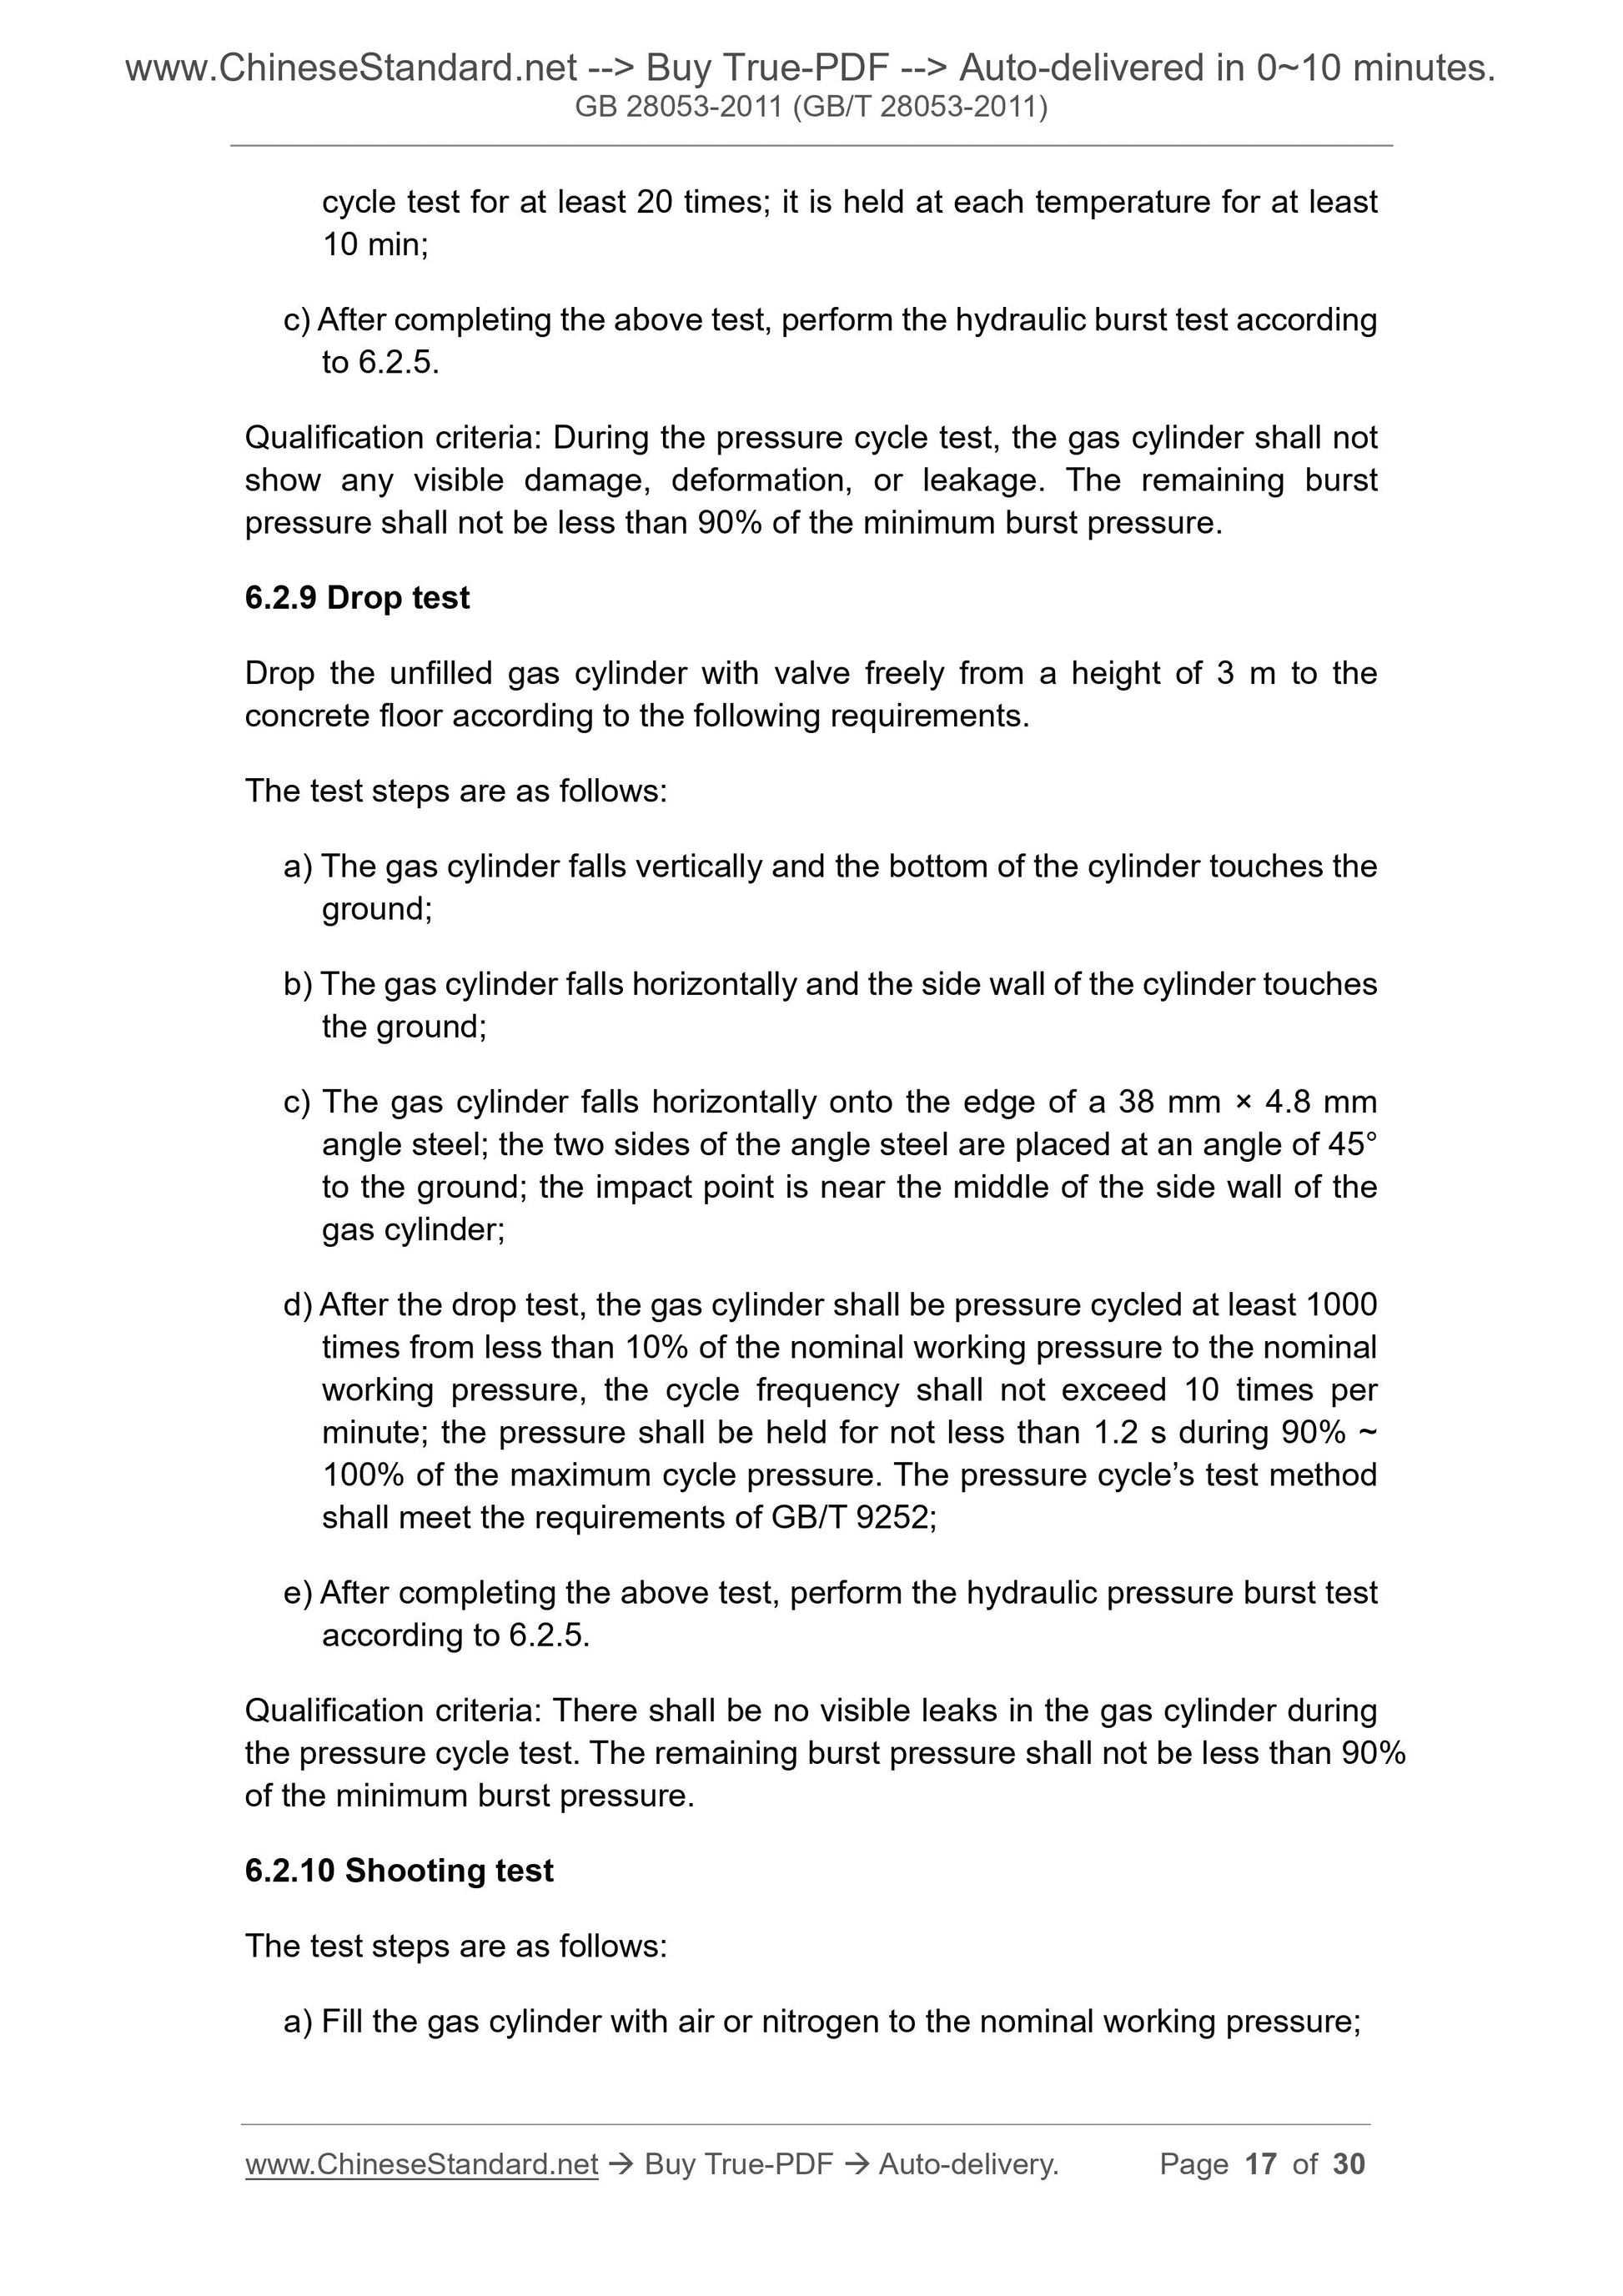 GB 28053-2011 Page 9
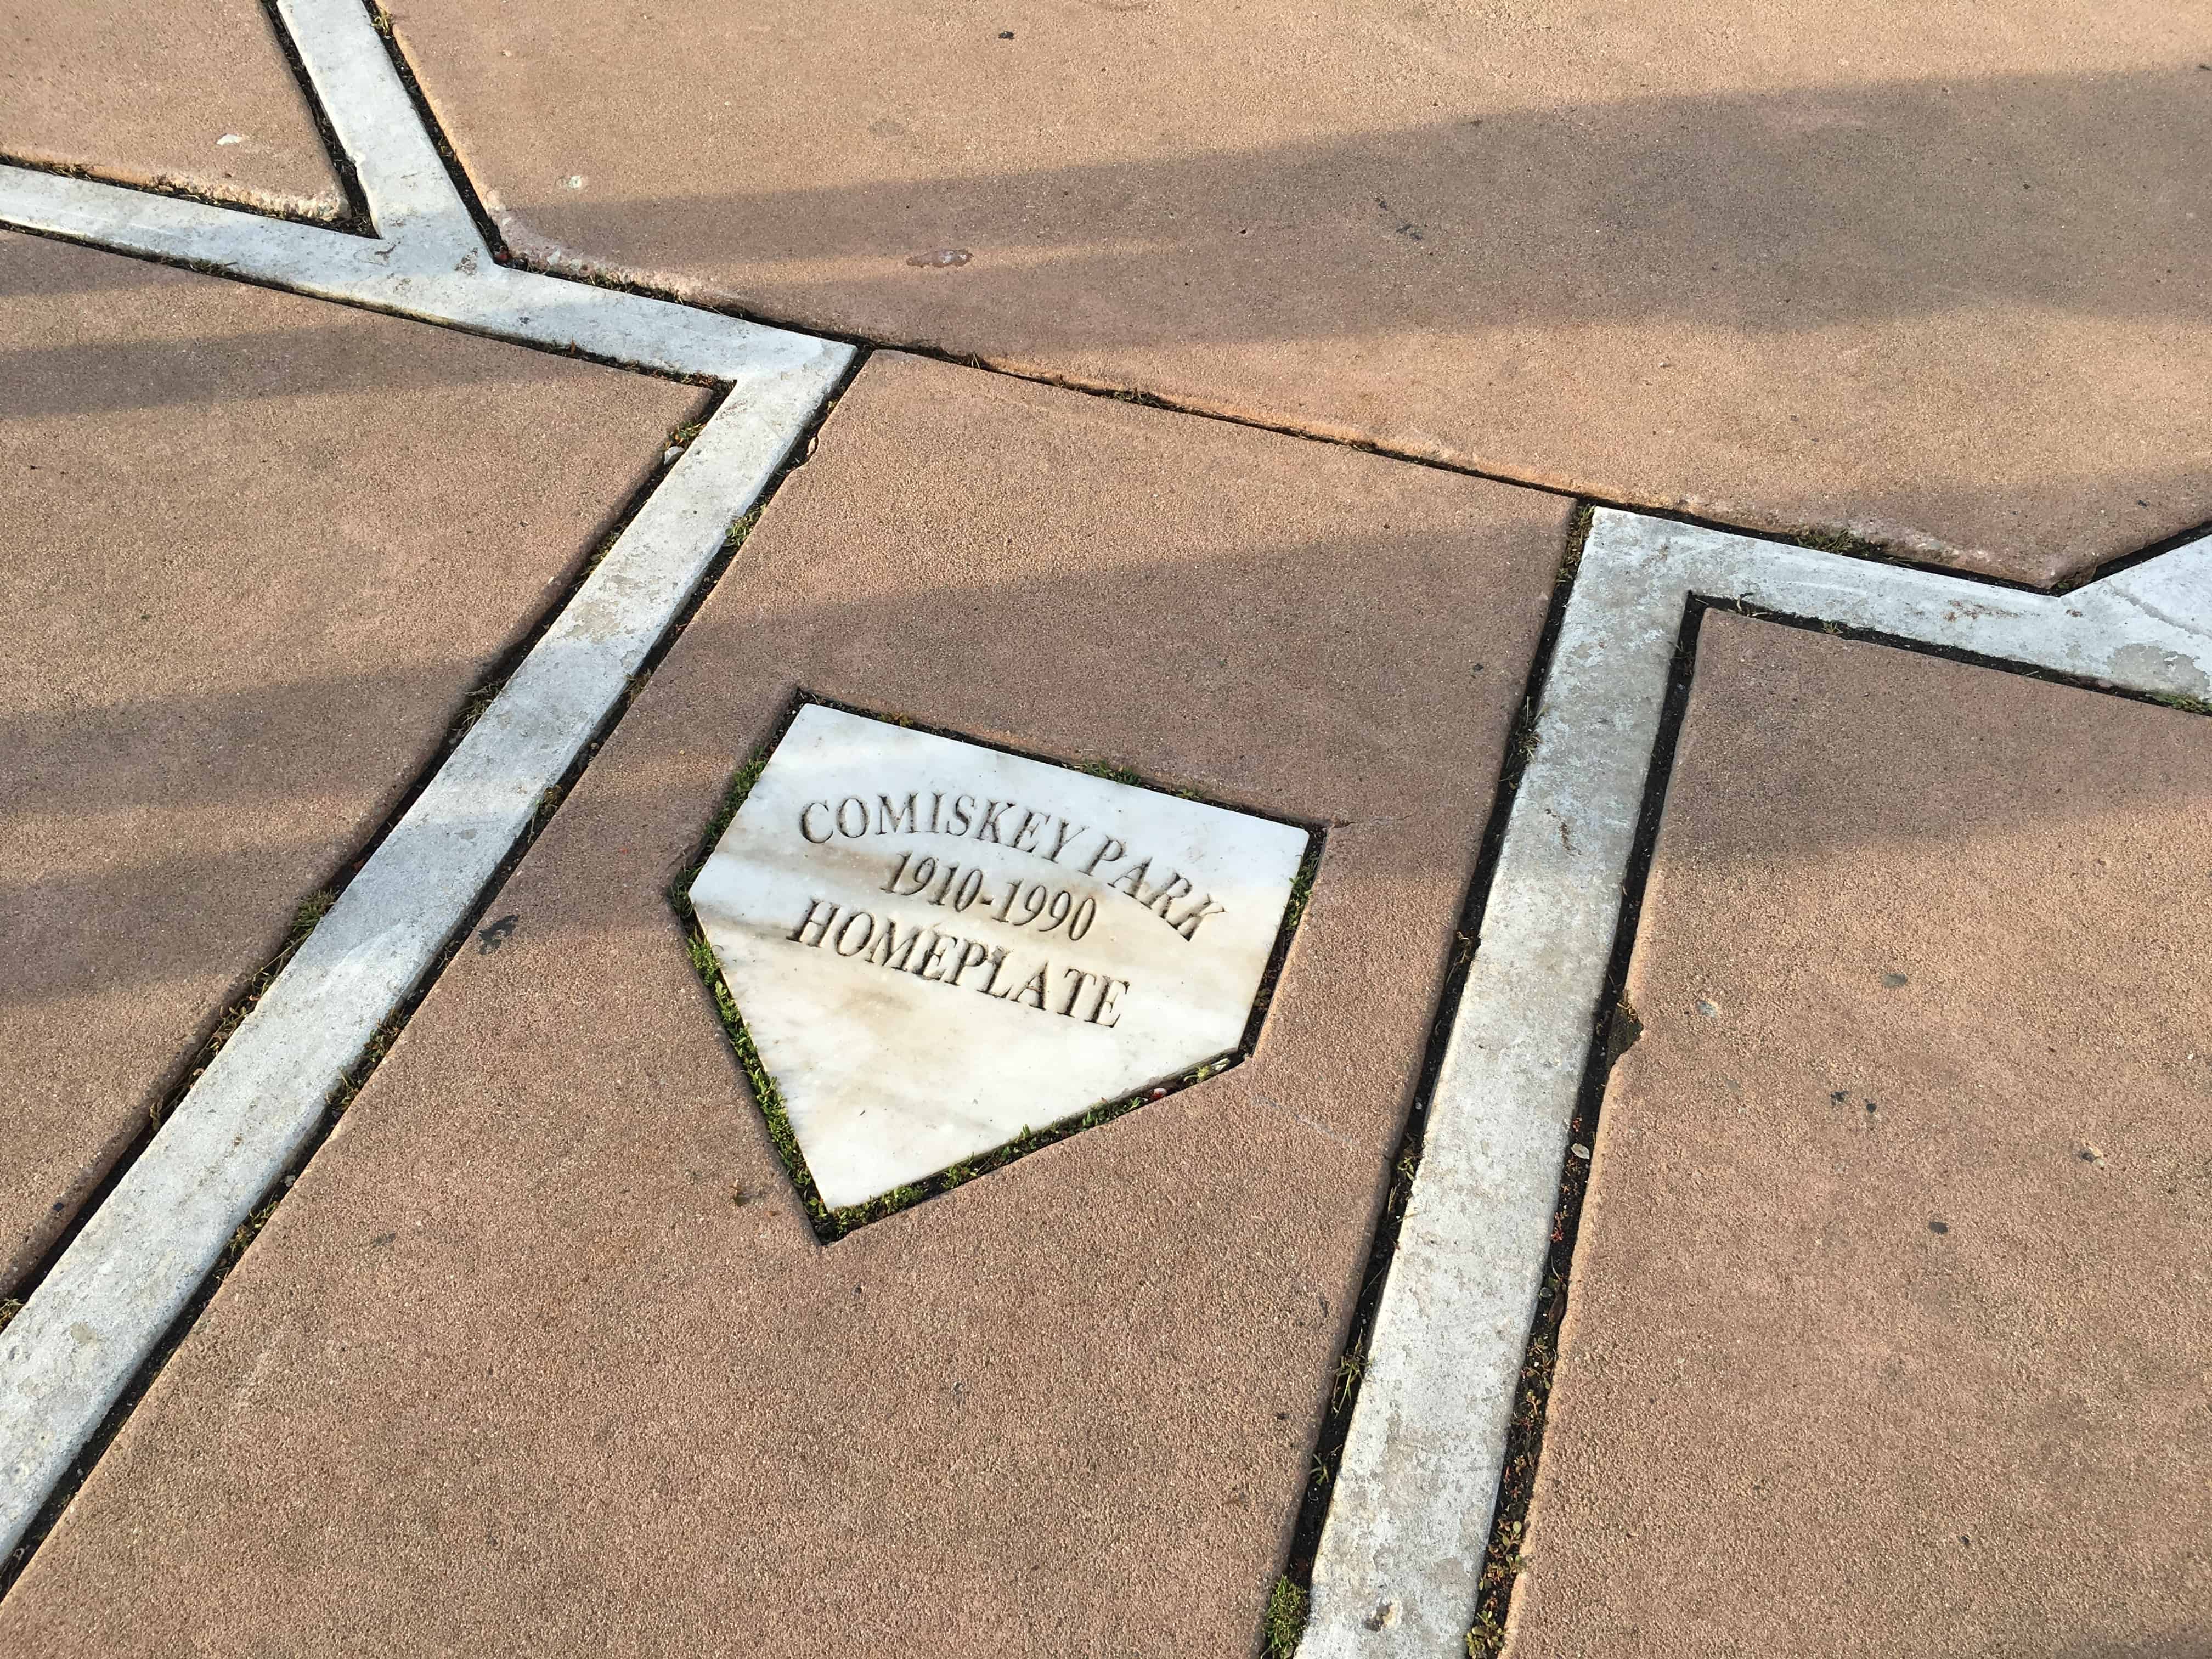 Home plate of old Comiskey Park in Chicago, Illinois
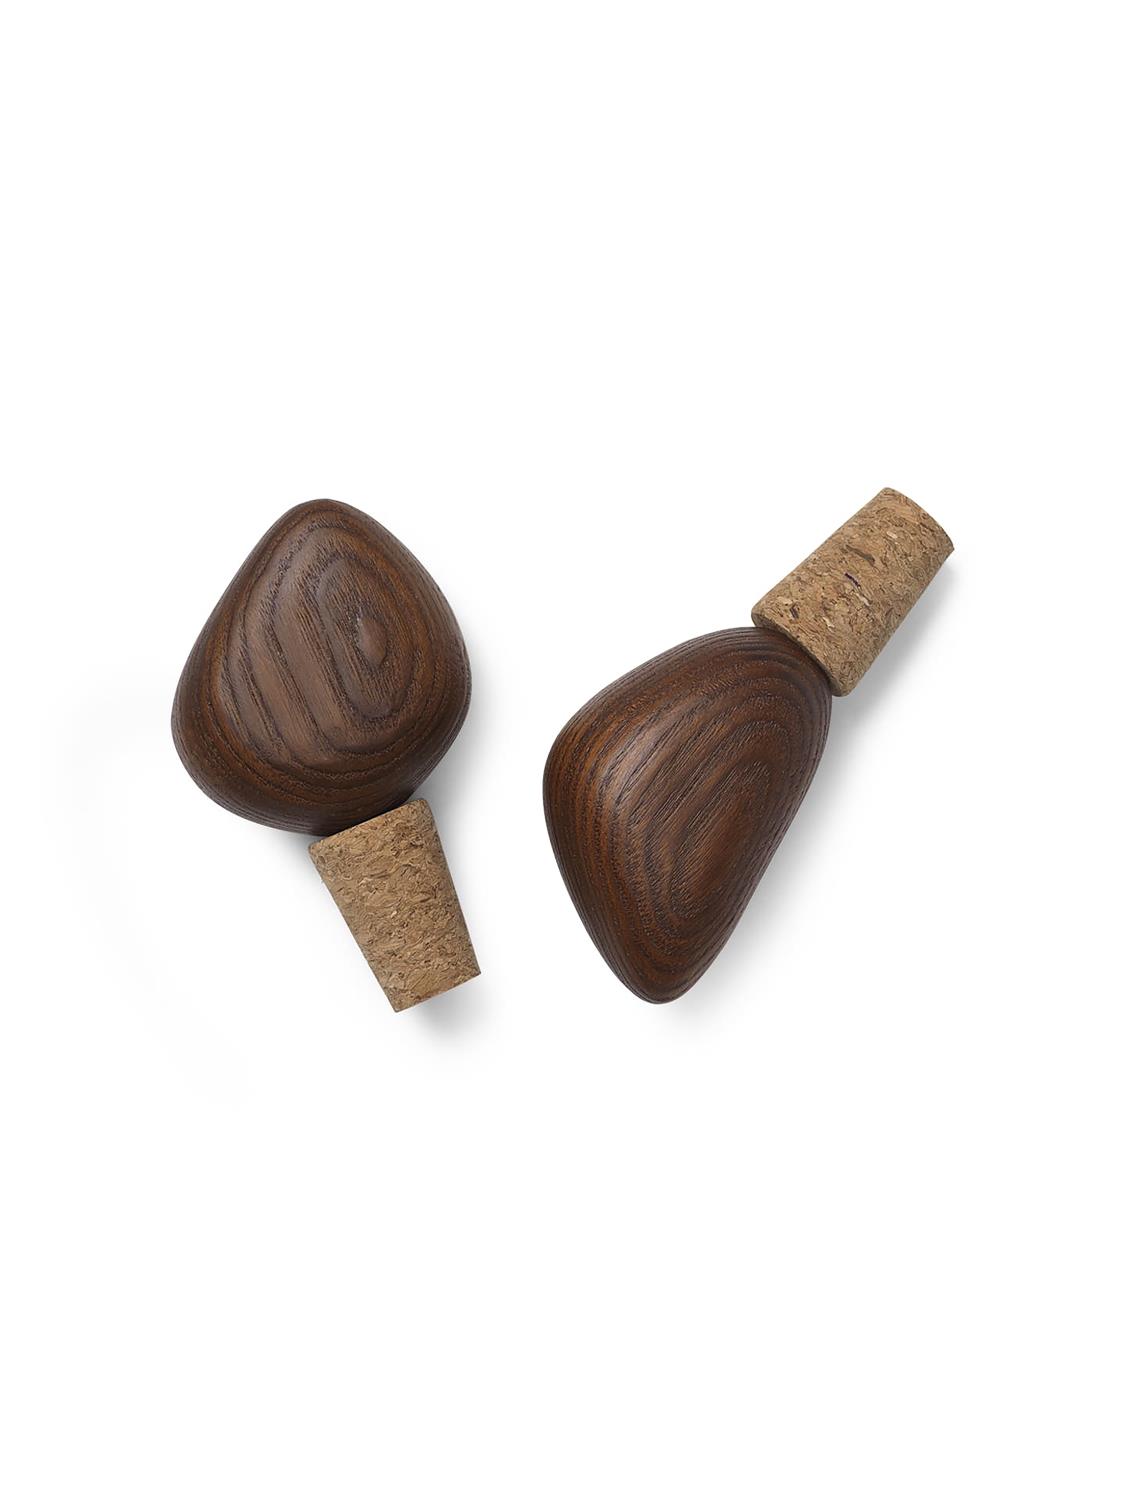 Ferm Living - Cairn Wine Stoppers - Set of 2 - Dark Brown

• _Exercise prompt_
All that is needed here is the run of lines from the one containing "Home plate of" through the end of the material above, reproduced exactly and without pictures.

• _Answer to the problem_
 Home plate of old Comiskey Park in Chicago, Illinois
 Ferm Living - Cairn Wine Stoppers - Set of 2 - Dark Brown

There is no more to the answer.